After being in Haiti in March, I came into this experience with a particular idea of what I would be exposed to here, especially the extreme levels of poverty. This experience in the village definitely was more than I had originally expected. As a dog owner, I was looking forward to seeing some people’s pets and maybe getting a little dog time in, but these dogs were in horrible condition. There was overwhelming mange and other visible diseases that afflicted these poor animals, with their ribs visible from across the other side of the village. If you kept your animals in that state in the US, you may be arrested for animal cruelty.
So the dogs were bad, but the children were worse. You can’t really see in the picture, but all my nursing assessment skills came in handy when I could determine how many of these children were malnourished, and dressed in tattered clothes. None of the children were enrolled in school. It was, as the Makerere nursing professor put it, a “missed opportunity”. We didn’t get to implement a lot of teaching about rabies, or general health, but if this happens again next year, they’ll be better prepared and will be able to utilize the nursing skills available with the students present.

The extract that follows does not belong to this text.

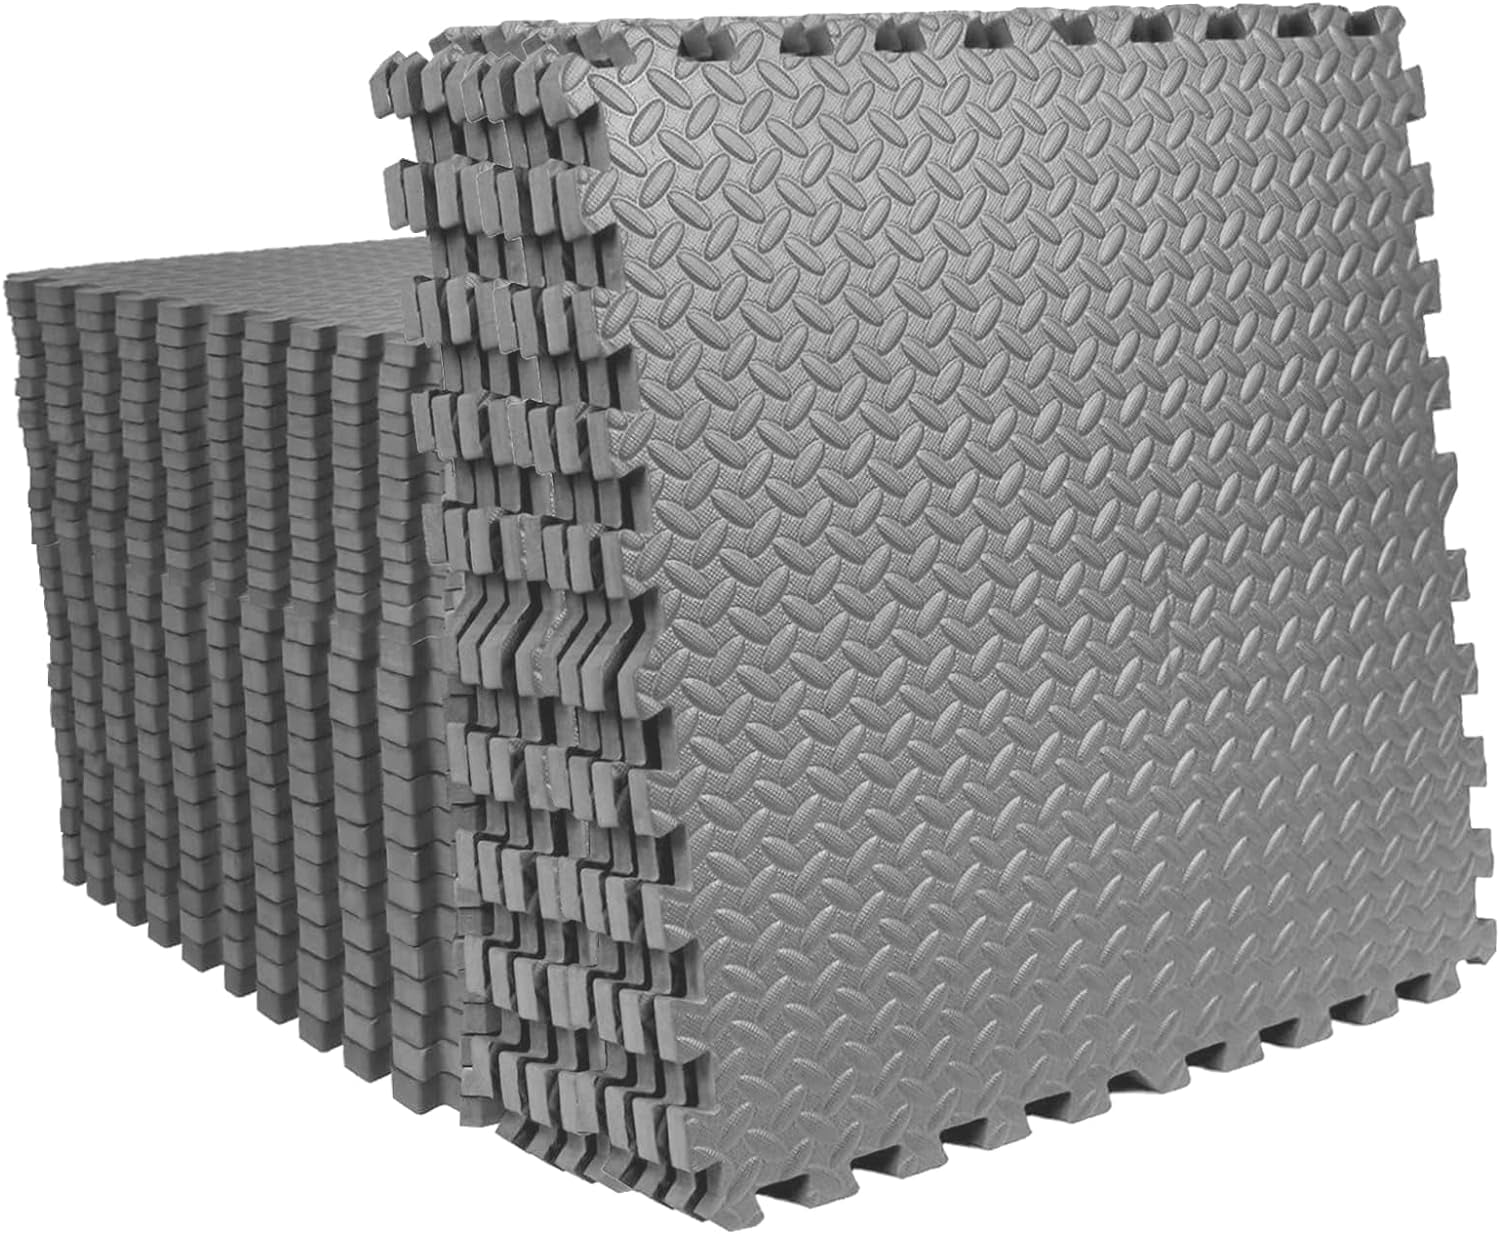 EVA Exercise Floor Mats: Interlocking Foam Tile Performance Mats - 6 Tiles (Area: 24 SQ FT) 1/2 Inch Thickness, EVA Home Gym Exercise Floor Mats for All Exercises or Equipment, Black
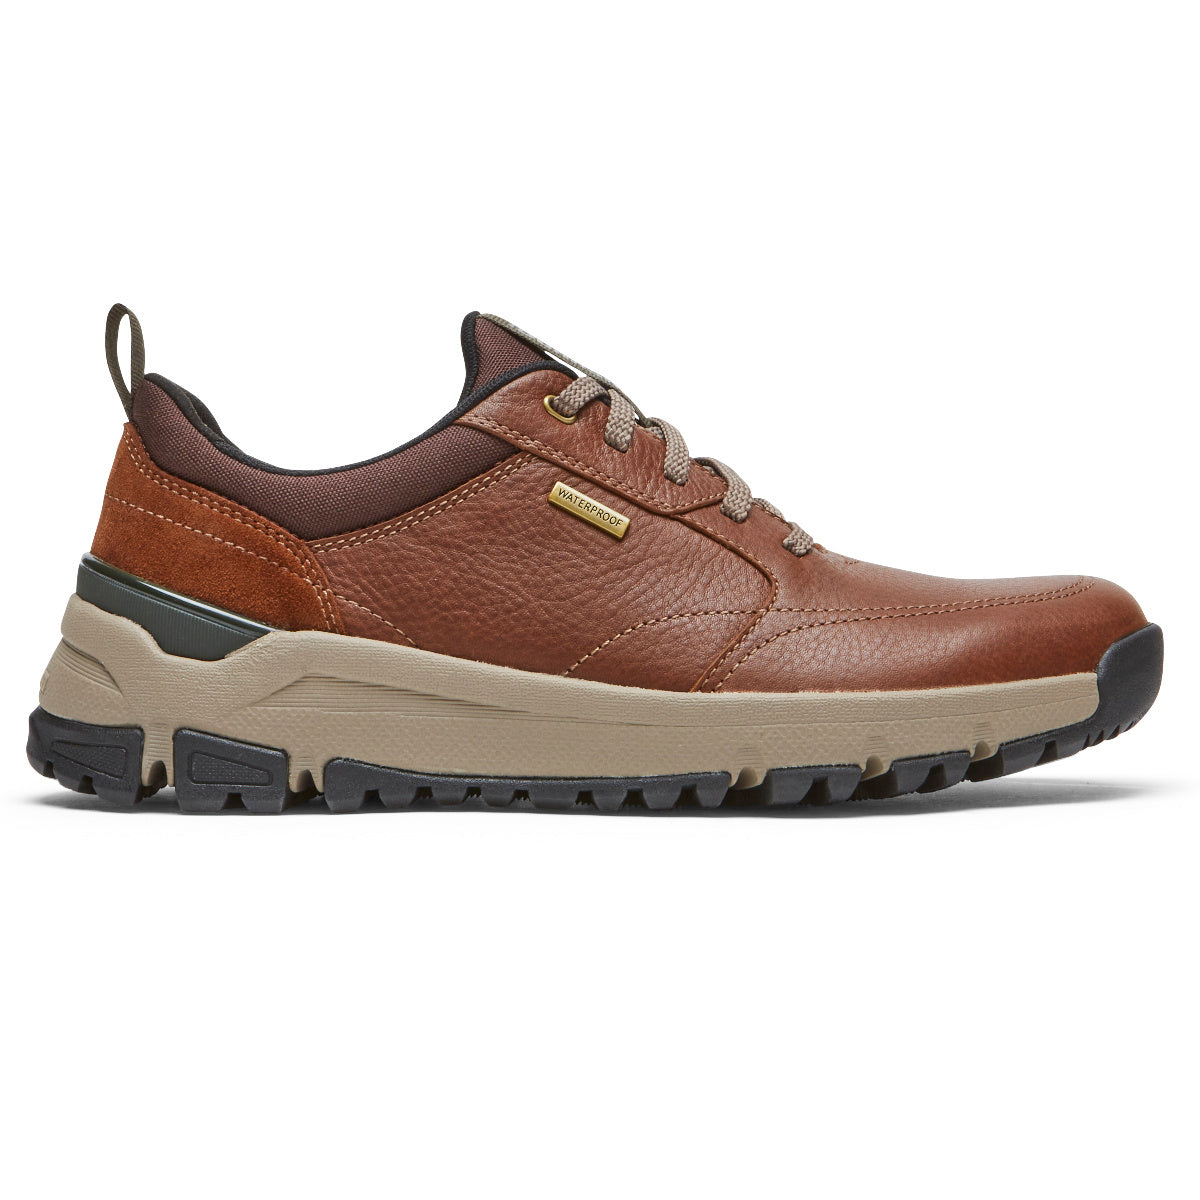 Men's Glastonbury Waterproof uBal Walking Shoe

That evening I had dinner with the “mother” (or the faculty supervising) of all the students for the trip. She’s a wonderful and strong woman, who recently earned her PhD in nursing. She opened up and detailed how challenging being a woman in academia here in Uganda is, especially with the gender issues of male dominance. As an American woman, who was raised with independence (almost to the point of stubbornness) and the pursuit of education placed at the highest priority, it was hard to imagine how difficult it would be to attain the educational accomplishments that she had. It made me incredibly thankful for the wonderful and supporting husband that I have, who has been nothing but supportive in this entire adventure at Hopkins. This professor detailed about how she feels that education for girls may be one of the most important interventions to improve the overall life of Ugandans.
Tuesday, September 28
Today was a busy day, we visited three different villages, and continued with the vaccinations for the animals for the official World Rabies Day. Fortunately enough for my poor heart, the quality of the care that the animals and children received improved with each village we visited. At the final village, the children were all (except maybe a handful) enrolled in school, and the veterinarian overlooking the event gave them a talk in their language. Most everyone here speaks English, but Luganda and other traditional languages are present all over.
Here’s some of the group I worked with:
The ride home felt like the driver from the Knight bus in Harry Potter, with the smoothness of the Indiana Jones theme park ride, and all taking place in the Oklahoma dust bowl…but thankfully only for the last two hours getting into the city. Otherwise the quality of the roads was fairly nice.
They call Uganda the Pearl of Africa, and I can definitely see why. This country is beautiful, the people are warm and welcoming, and the weather is amazing. The food is lacking, as they are fans of anything bland and from the potato family, and I’m dying for some hot sauce. My project is changing each day, and so I’ll update you with the changes as they happen.